> Exercise goal
Pictures appear among the records below and must be omitted. Repeat exactly the lines from the line with "A tobacco harvesting machine in a field." to the line with "Групповой портрет космонавтов", both included.

> Data
================================
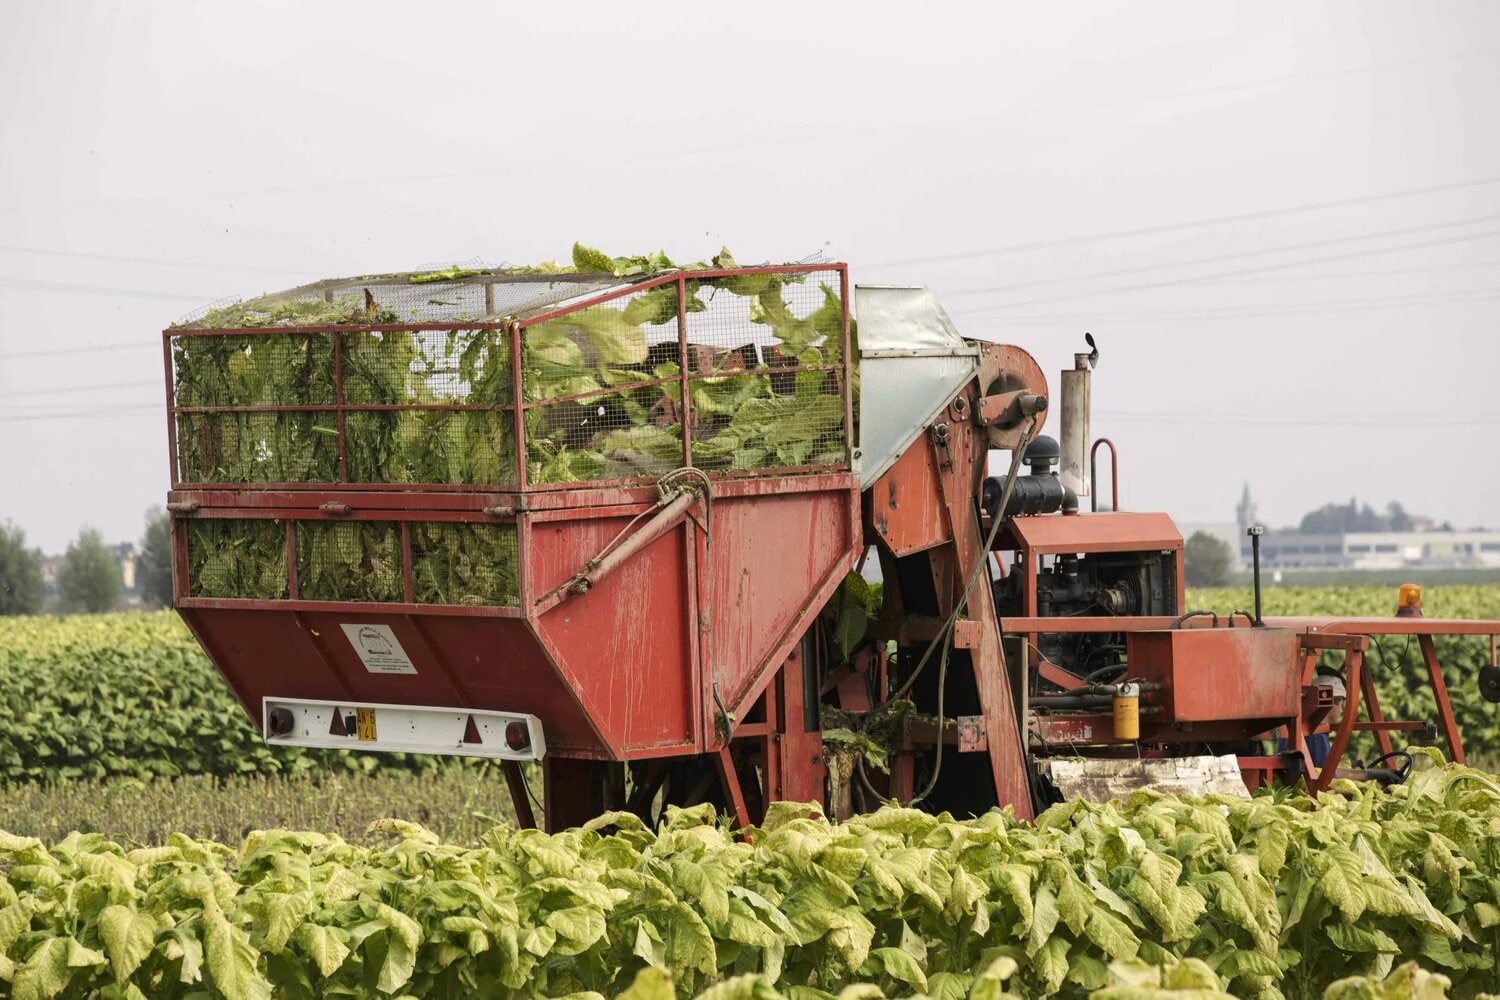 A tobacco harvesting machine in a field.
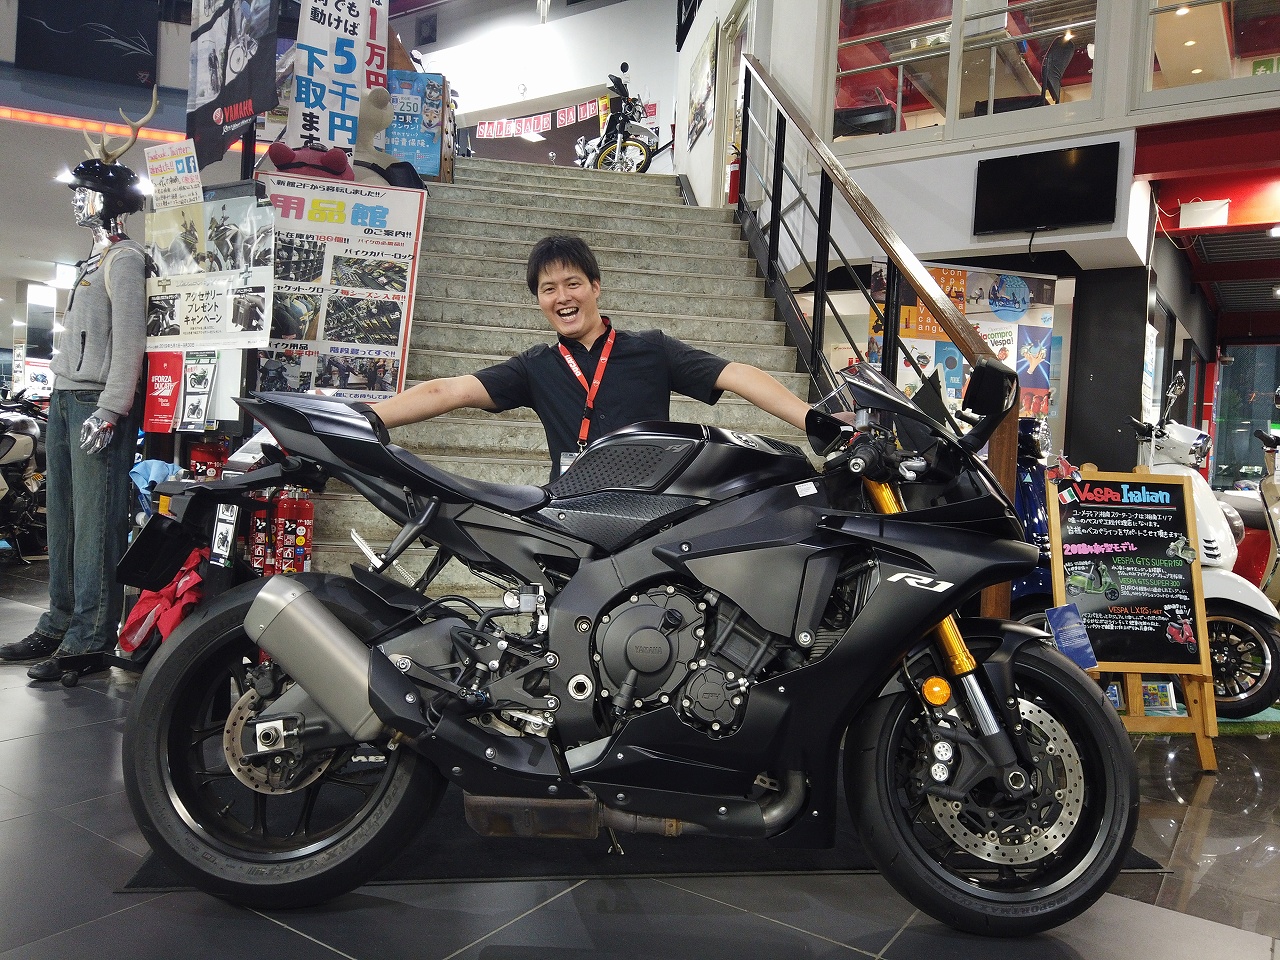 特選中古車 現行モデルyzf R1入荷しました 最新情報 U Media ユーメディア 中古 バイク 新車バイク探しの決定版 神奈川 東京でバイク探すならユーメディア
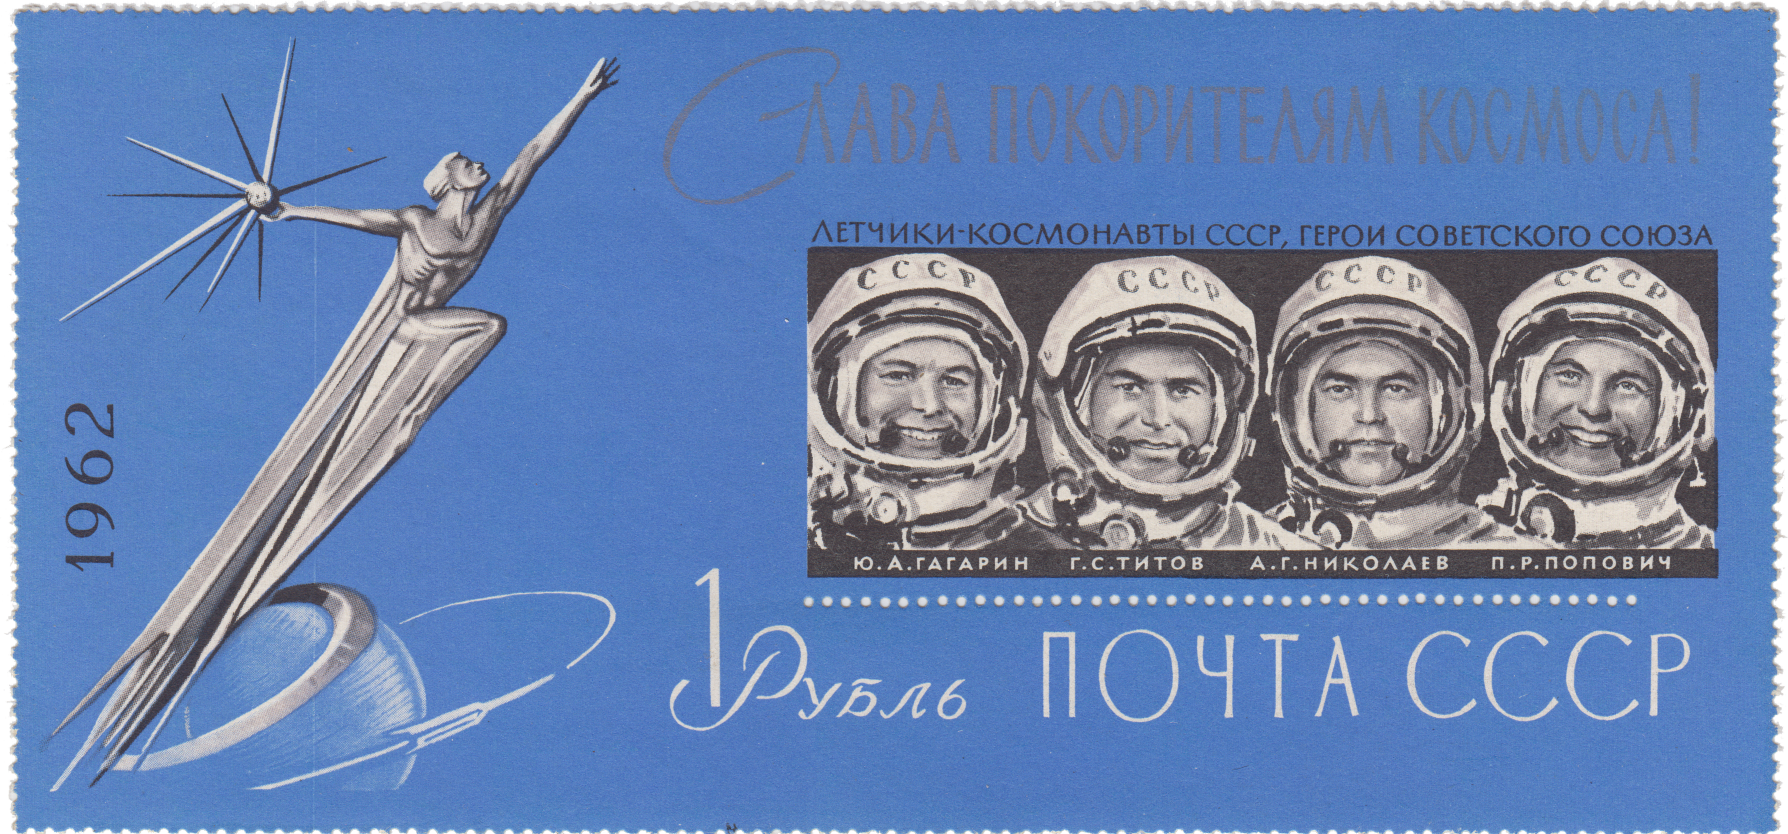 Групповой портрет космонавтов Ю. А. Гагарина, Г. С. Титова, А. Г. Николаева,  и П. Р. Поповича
================================
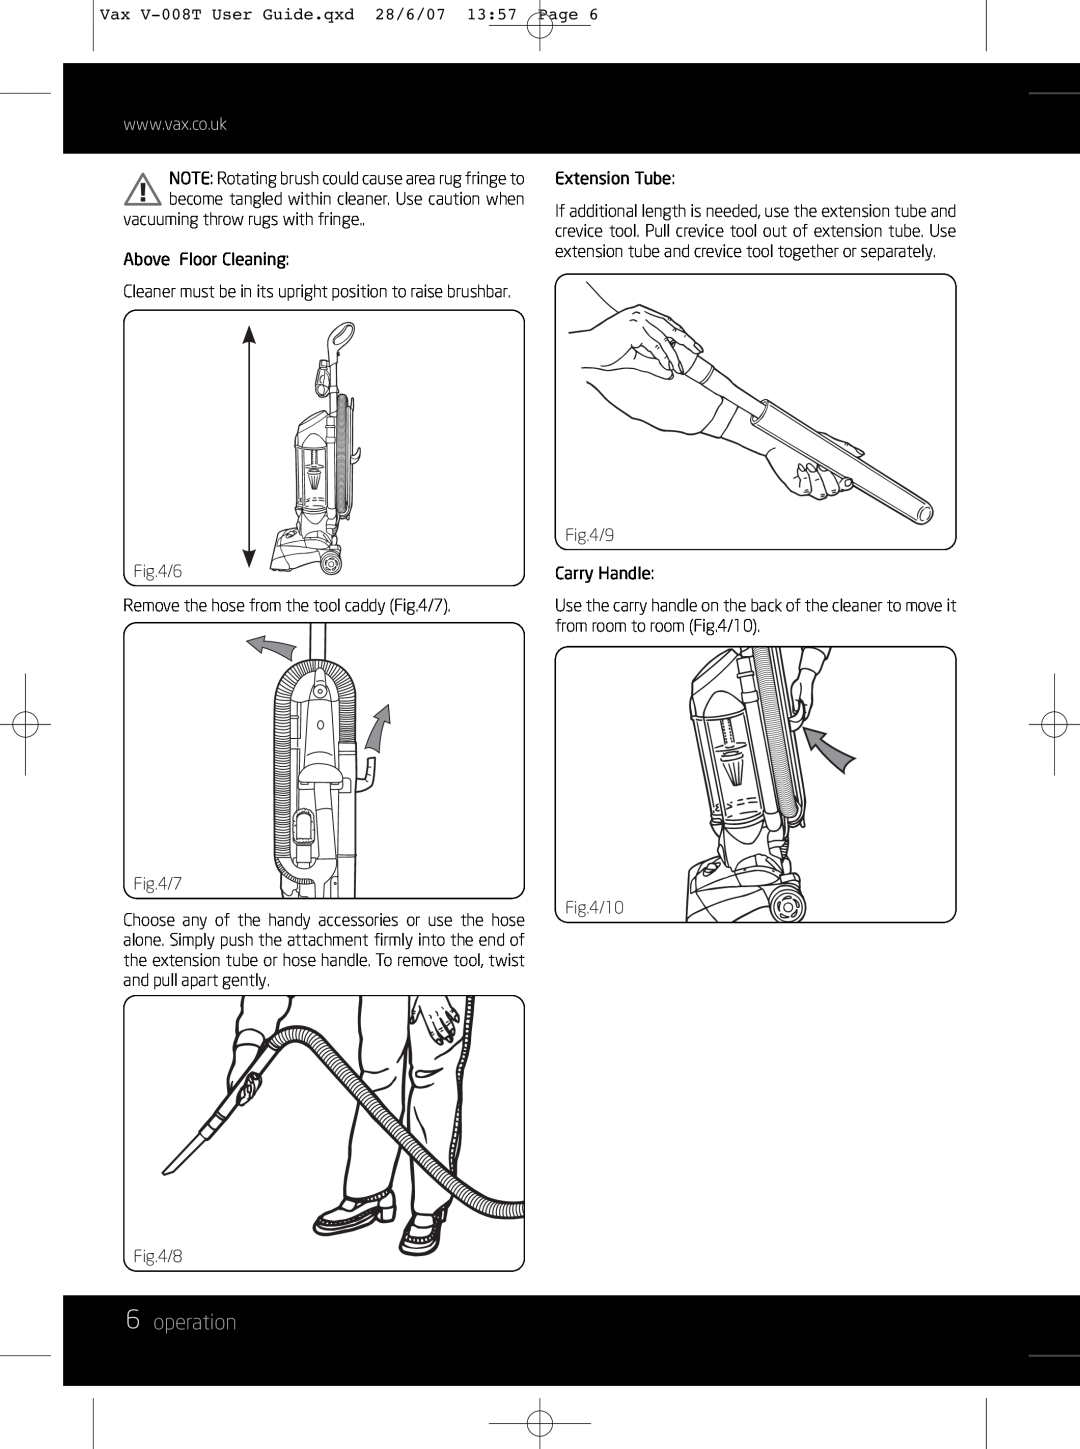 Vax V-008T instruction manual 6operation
================================
> Completed task
 A tobacco harvesting machine in a field.
 特選中古車 現行モデルyzf R1入荷しました 最新情報 U Media ユーメディア 中古 バイク 新車バイク探しの決定版 神奈川 東京でバイク探すならユーメディア
 Групповой портрет космонавтов Ю. А. Гагарина, Г. С. Титова, А. Г. Николаева,  и П. Р. Поповича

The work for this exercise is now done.